Why the Dodgers Are Both First and Second
Here is where it gets interesting. While the Mets lead in cash payroll, the Los Angeles Dodgers actually top the league by competitive balance tax payroll, the figure MLB uses to assess luxury tax penalties, at roughly $413 million. The difference comes down to deferrals. The Dodgers have structured contracts like Shohei Ohtani’s $700 million deal so that most of the money is paid years down the road, which dramatically lowers the present-day value. By that present-day measure, the Dodgers sit second at $316.6 million, but by tax payroll, no one is close to them. It is a clever bit of financial engineering that lets them field a superteam while softening the immediate hit.

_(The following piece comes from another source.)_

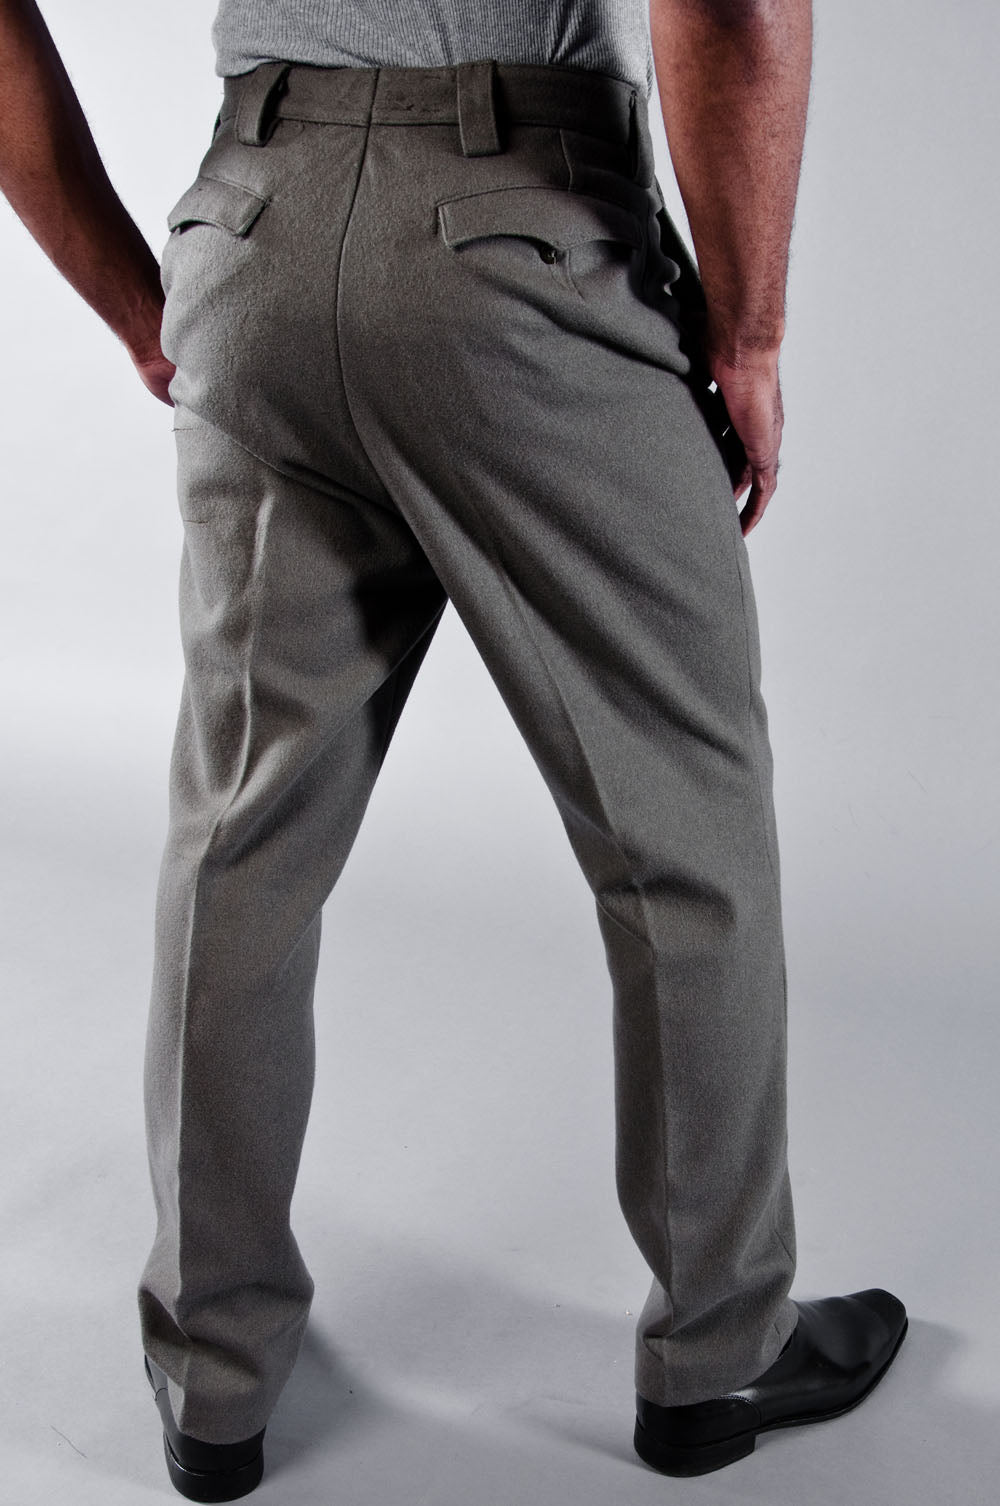 Lauren Ralph Lauren Men's Wool Flannel Classic-Fit Suit Pants - Macy's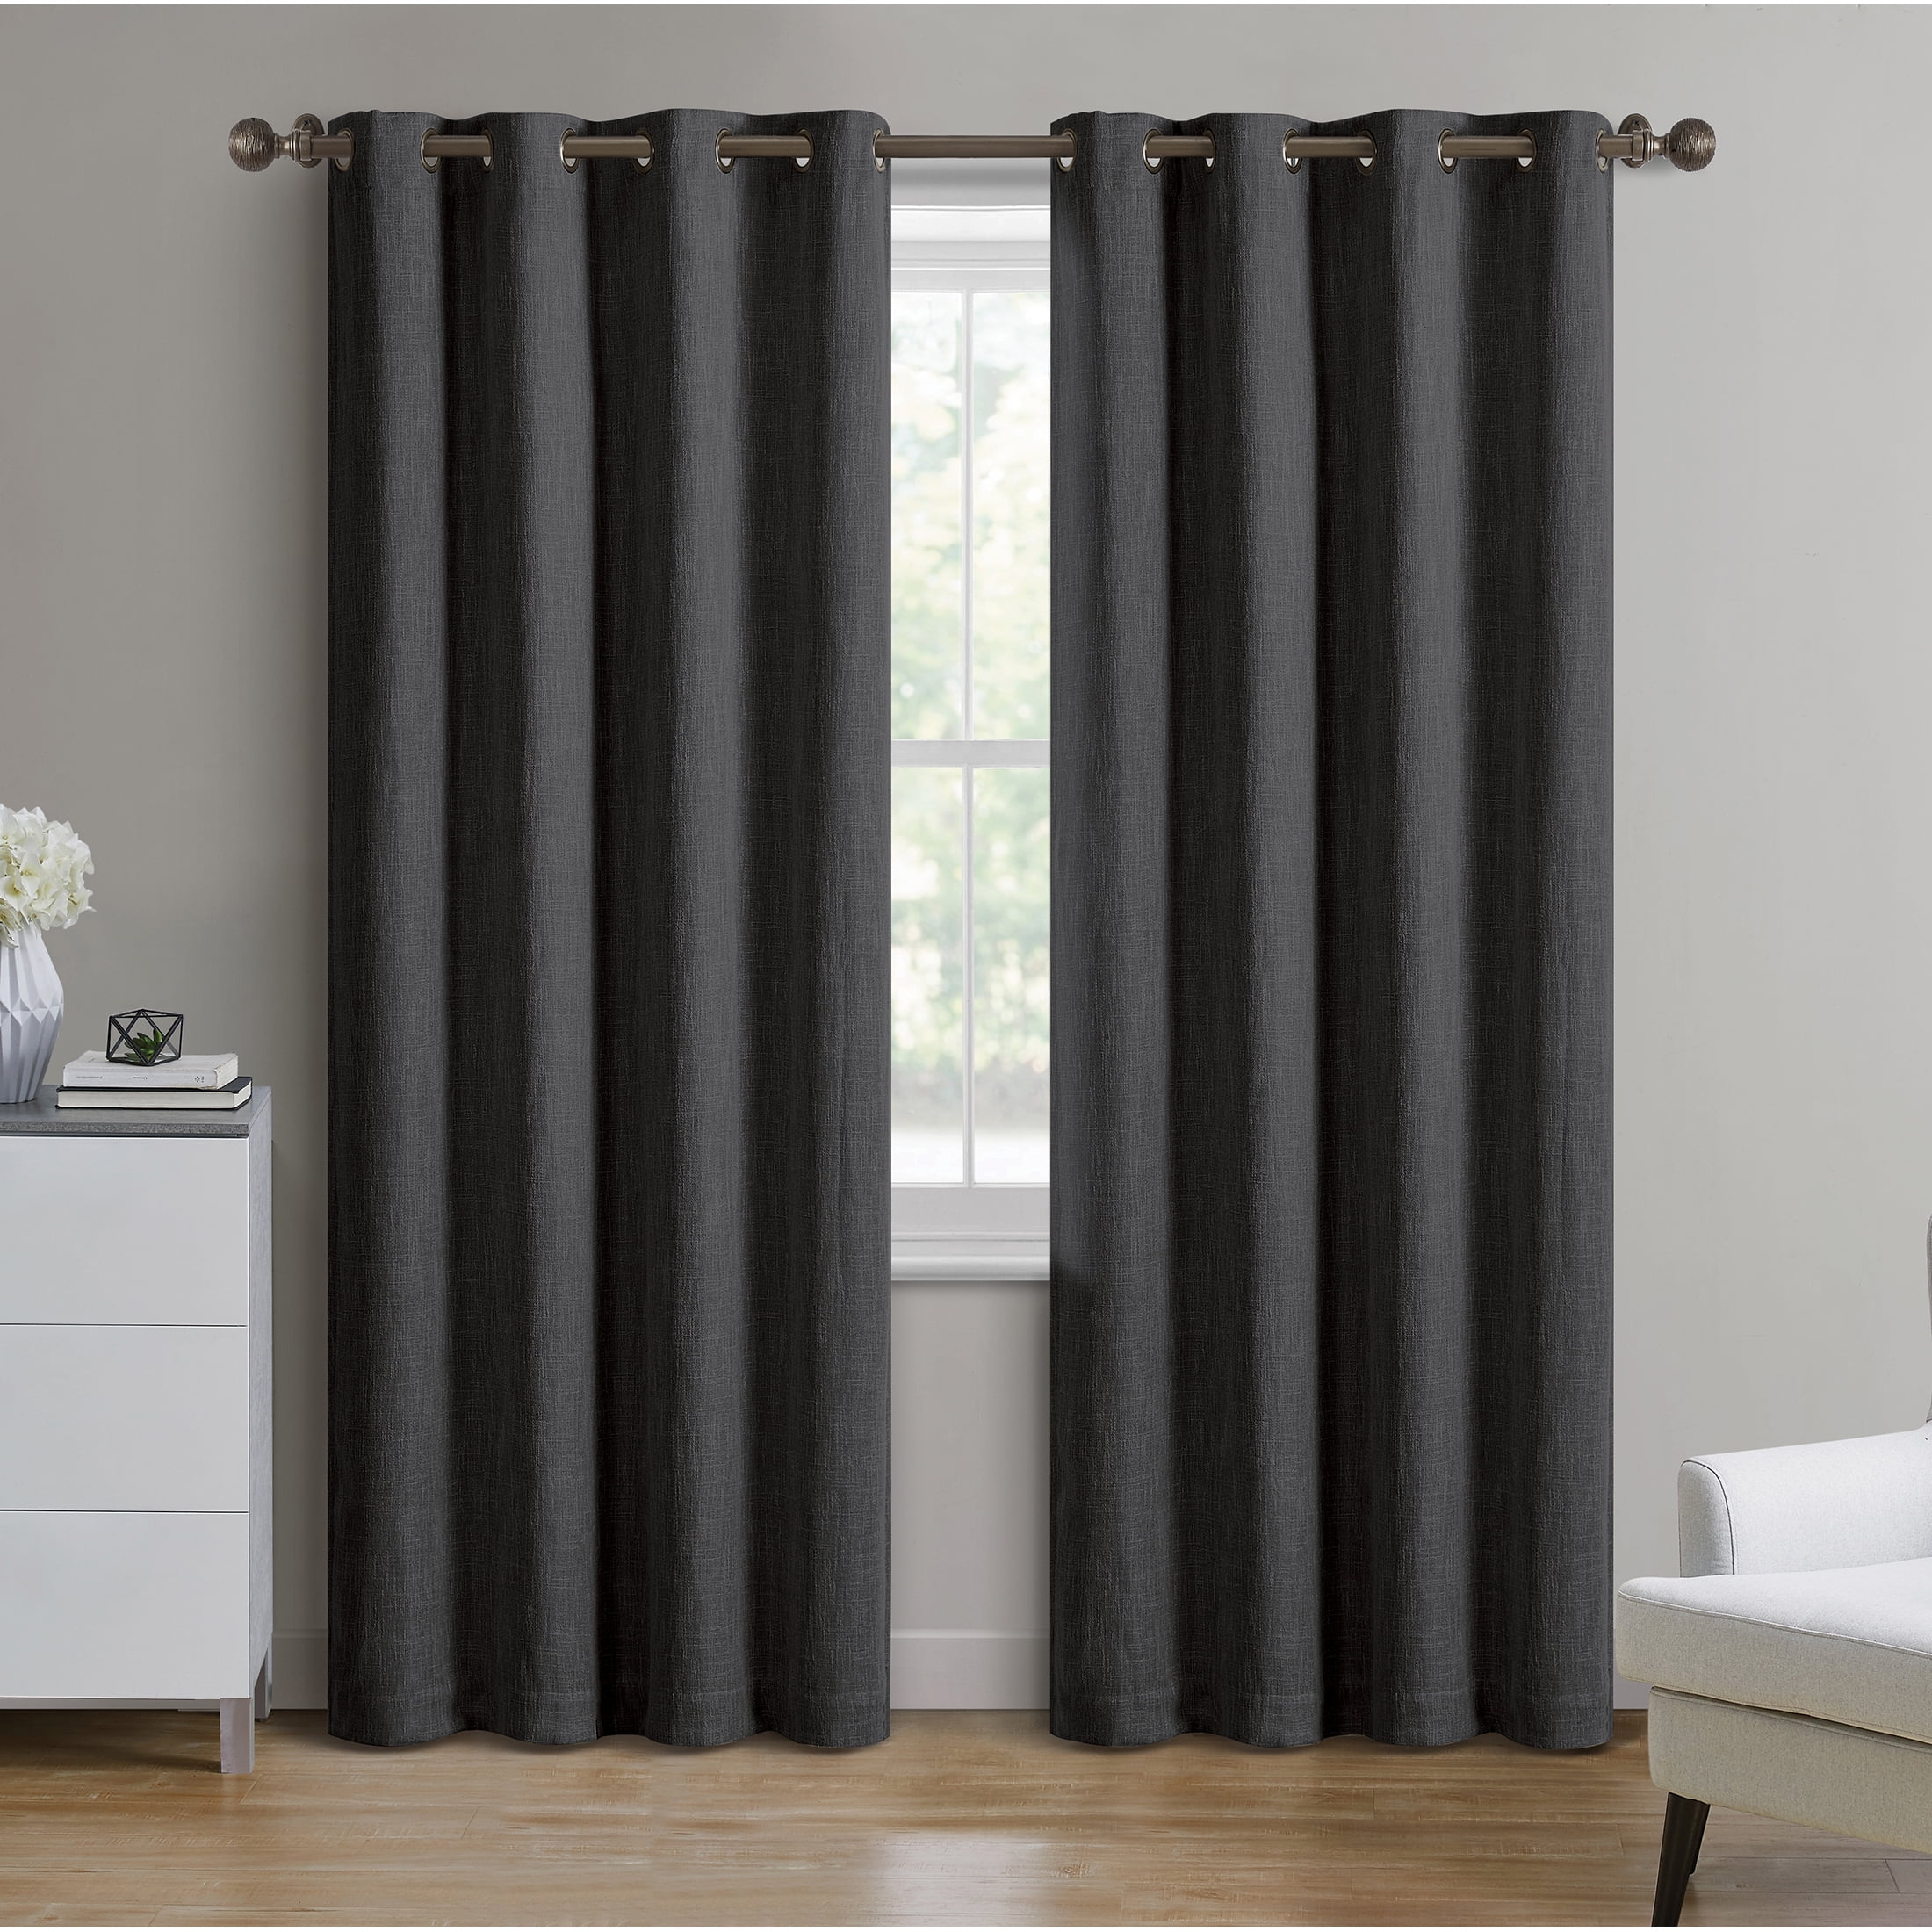 Black 11 ft H Velvet Curtain Panel w/Grommet Top Eyelets Window Treatment Drapes

The Rest of the Big Spenders
Behind the two New York and Los Angeles giants, the New York Yankees ($297.2 million) and Philadelphia Phillies ($282 million) remain perennial heavyweights, with the Toronto Blue Jays jumping into the top five at $269 million after a roughly $30 million increase. The biggest leap of all came from the Detroit Tigers, who exploded from a $64 million payroll to $206.7 million in a single offseason, led by the record $32 million that ace Tarik Skubal won in arbitration. The Atlanta Braves and Chicago Cubs also added roughly $30 to 44 million each.
The Bottom of the League
At the other extreme, the spending gap has rarely been wider. The Cleveland Guardians carried the league’s lowest payroll at just $62.3 million, despite being one of the most consistently competitive teams in the American League, followed by the Miami Marlins ($76.2 million) and Chicago White Sox ($82.1 million). The St. Louis Cardinals, long a steady spender, cut their budget to roughly $100 million. The result is a league where the Mets spend more than five times what the lowest team does.
Top Payrolls by Year
The Mets have dominated recent payroll rankings, leading MLB in present-day payroll for four straight seasons from 2023 through 2026. Their 2023 figure of $355.4 million was the highest single-season payroll in baseball history at the time. Before the Mets’ run, the Dodgers and Yankees traded the top spot for years, with the Yankees having long been the sport’s defining big spender. The era of $300 million-plus payrolls is brand new: as recently as 2024 only two teams crossed $300 million, and now the very top of the league is pushing past $350 million in cash and $400 million in tax terms. If you enjoy these baseball breakdowns, see our look at the most career home runs all time.
The Bottom Line
The New York Mets have the highest MLB payroll in 2026 at roughly $352 million by present-day value, though the Los Angeles Dodgers lead by competitive balance tax payroll at about $413 million thanks to their heavy use of deferrals. Behind them, the Yankees, Phillies, and Blue Jays round out the biggest spenders, while teams like the Twins sit near $46 million, a fraction of the top. In an era of record contracts and ever-rising payrolls, the gap between baseball’s haves and have-nots has never been more stark.